Welcome to Nonrival, the newsletter where readers make predictions.
How it works
- On Sundays, read the newsletter and make a forecast by clicking a link at the bottom.
- On Wednesdays, see what other readers predicted and how your forecast compares.
- Over time, you’ll get scores based on how accurate your forecasts are.
In this issue
- Make a forecast: Who will have more streaming subscribers, Disney or Netflix?
Thanks for forecasting. Send feedback to email@example.com.
The world’s two most successful streaming companies are mirror images of each other: Disney’s creative strategy is relatively clear but its business model is a sprawling mess. Netflix’s creative strategy is a sprawling mess but its business model is relatively clear. Which problem would you rather have?
This week’s Economist cover is dedicated to Disney’s struggle to balance its massive streaming losses with its fading movie and cable TV businesses, all while not screwing up its theme parks. On the creative side things are clearer: The company, which will turn 100 later this year, bases everything around recognizable characters and franchises, from Mickey Mouse to Star Wars to Marvel.
Then there’s Netflix, whose head of television, Bela Bajaria, was the subject of a long feature in last week’s New Yorker. Its entire business is selling streaming subscriptions (now with the minor complication of an ad-supported tier). But its creative strategy is muddied by the desire to offer more of everything to more of everyone.
Both companies are coming off of a rough 2022 and both recently announced leadership shakeups. The competition between them will be a major plotline in the streaming wars’ next chapter.
This week’s forecast is about who will take the lead:
- How likely is it that Disney will have more streaming subscribers than Netflix at the end of Q2 2023?
Streaming business: Disney’s streaming empire spans Disney+, Hulu, and ESPN+ — with Disney+ representing about 70% of its subscribers. In the US, it brings in about $6 in revenue per Disney+ subscriber.
Corporate view: Disney’s streaming unit lost $1.5 billion in Q3, which was enough to oust its CEO Bob Chapek and bring back former CEO Bob Iger. The company owns too much stuff to name: Marvel, Star Wars, Pixar, ABC, ESPN, Hulu, and more. Its cash cow, ESPN, is perennially in rumors to be spun off, and its park pricing decisions have come under fire from fans.
Person to know: Bob Iger is back because if you can’t be president and you can’t own an NBA team you may as well run Disney again. Iger loves buying companies—Pixar, Marvel, Star Wars, 21st Century Fox—but what Disney really needs is a successor.
What to watch for: Disney+ raised its US monthly price by $3 in December. Will Iger back away from the company’s goal of adding another 50 million subscribers in 2023 while the company focuses on cutting its losses?

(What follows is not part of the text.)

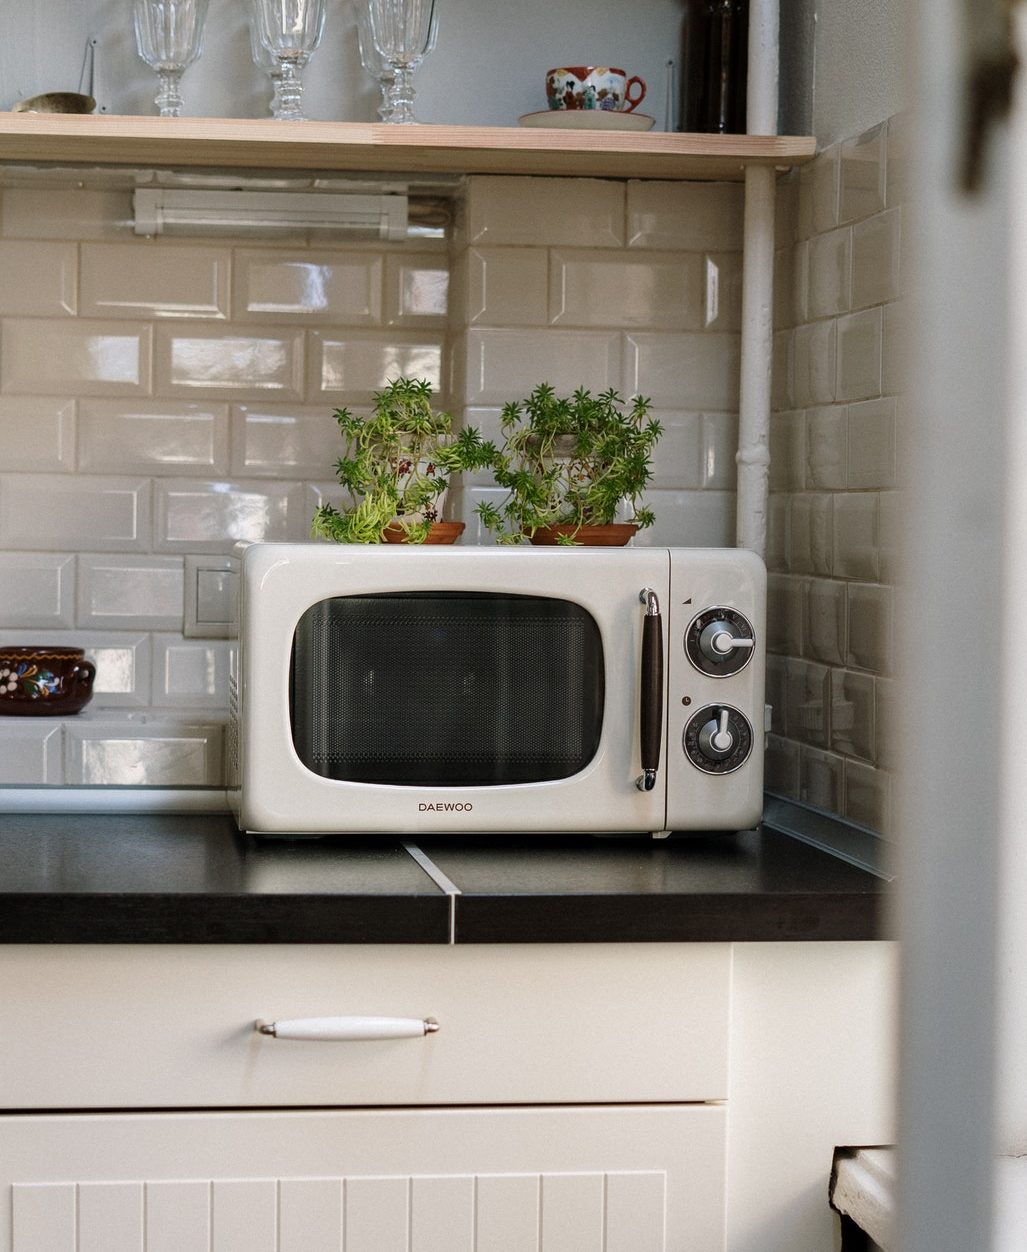 A microwave with some plants on top

Streaming business: Netflix lost subscribers for the first time in the first half of 2022. But it grew again in the second half and finished 2022 with 231 million paid memberships, globally. Its prices vary around the world, but in the US and Canada it reports about $16 in revenue per subscriber.
Corporate view: In November, Netflix backtracked on its no-ads promise, launching an ad-supported subscription for $6.99 a month in the US. It plans to crack down on password sharing in the first quarter of 2023.
Person to know: Greg Peters was promoted to co-CEO this past week, replacing founder Reed Hastings, who will become chair. Peters was chief product officer and COO, and also oversaw the company’s new ad business and its nascent gaming business.
What to watch for: Will the coming password-sharing crackdown boost subscriptions, or will it push sharers to decamp to other services?
Here's the raw data for 2022:
Maybe the worst is over for Netflix
Or, maybe Netflix is losing cred in Hollywood
Might Disney sell Hulu?
How likely is it that Disney will have more streaming subscribers than Netflix at the end of Q2 2023?
The fine print
Just want to make a quick forecast? Click a link above and you're done! Your forecast will be recorded.
Or, click a link and finish the survey. You can make your forecast more precise and guess what other readers will say.
Deadline: Make a forecast by 9am ET Tues. Jan. 24.
- This question will be resolved using the company's public financial reporting.
- Disney uses its own weird fiscal year calendar but this question will resolve using the quarterly data reported after the end of June 2023.
- Disney's subscriber reporting currently includes Disney+, Hulu, and ESPN+ combined. If it sells one of those units then its total would no longer be included. Likewise, any acquisitions that it includes in its consumer streaming reporting would be included.